# [What you should do]
Write out the line with "unisex-premium-hoodie-carbon-grey-left-front-62d14fb134251.jpg" and each line after it to the end of the material, exactly as they appear and with nothing else.
---- Data for processing
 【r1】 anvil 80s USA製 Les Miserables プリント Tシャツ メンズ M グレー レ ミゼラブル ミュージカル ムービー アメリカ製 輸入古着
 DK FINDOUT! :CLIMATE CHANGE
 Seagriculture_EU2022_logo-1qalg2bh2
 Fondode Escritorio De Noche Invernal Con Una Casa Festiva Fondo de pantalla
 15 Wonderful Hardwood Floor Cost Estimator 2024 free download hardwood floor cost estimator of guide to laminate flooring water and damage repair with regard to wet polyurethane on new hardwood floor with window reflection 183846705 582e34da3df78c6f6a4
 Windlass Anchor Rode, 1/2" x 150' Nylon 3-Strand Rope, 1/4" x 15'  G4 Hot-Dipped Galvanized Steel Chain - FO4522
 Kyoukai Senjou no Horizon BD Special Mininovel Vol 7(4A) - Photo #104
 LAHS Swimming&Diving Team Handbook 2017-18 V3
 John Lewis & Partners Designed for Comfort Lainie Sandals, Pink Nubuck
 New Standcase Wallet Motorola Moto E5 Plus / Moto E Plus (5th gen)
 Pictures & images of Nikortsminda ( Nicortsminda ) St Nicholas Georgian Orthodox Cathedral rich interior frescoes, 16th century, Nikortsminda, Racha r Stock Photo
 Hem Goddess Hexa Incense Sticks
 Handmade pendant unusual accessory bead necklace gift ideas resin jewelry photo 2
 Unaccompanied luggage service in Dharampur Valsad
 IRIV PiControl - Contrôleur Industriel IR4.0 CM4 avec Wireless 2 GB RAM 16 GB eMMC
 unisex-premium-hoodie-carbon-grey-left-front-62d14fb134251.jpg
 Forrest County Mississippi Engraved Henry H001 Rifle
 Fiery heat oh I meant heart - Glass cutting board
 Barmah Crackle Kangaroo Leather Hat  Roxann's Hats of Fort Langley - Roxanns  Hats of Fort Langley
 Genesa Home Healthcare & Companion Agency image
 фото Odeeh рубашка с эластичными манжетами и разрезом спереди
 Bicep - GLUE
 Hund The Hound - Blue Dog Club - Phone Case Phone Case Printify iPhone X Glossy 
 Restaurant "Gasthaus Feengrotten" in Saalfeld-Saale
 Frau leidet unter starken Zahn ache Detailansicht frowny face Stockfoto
--------
# [Answer to the problem]
 unisex-premium-hoodie-carbon-grey-left-front-62d14fb134251.jpg
 Forrest County Mississippi Engraved Henry H001 Rifle
 Fiery heat oh I meant heart - Glass cutting board
 Barmah Crackle Kangaroo Leather Hat  Roxann's Hats of Fort Langley - Roxanns  Hats of Fort Langley
 Genesa Home Healthcare & Companion Agency image
 фото Odeeh рубашка с эластичными манжетами и разрезом спереди
 Bicep - GLUE
 Hund The Hound - Blue Dog Club - Phone Case Phone Case Printify iPhone X Glossy 
 Restaurant "Gasthaus Feengrotten" in Saalfeld-Saale
 Frau leidet unter starken Zahn ache Detailansicht frowny face Stockfoto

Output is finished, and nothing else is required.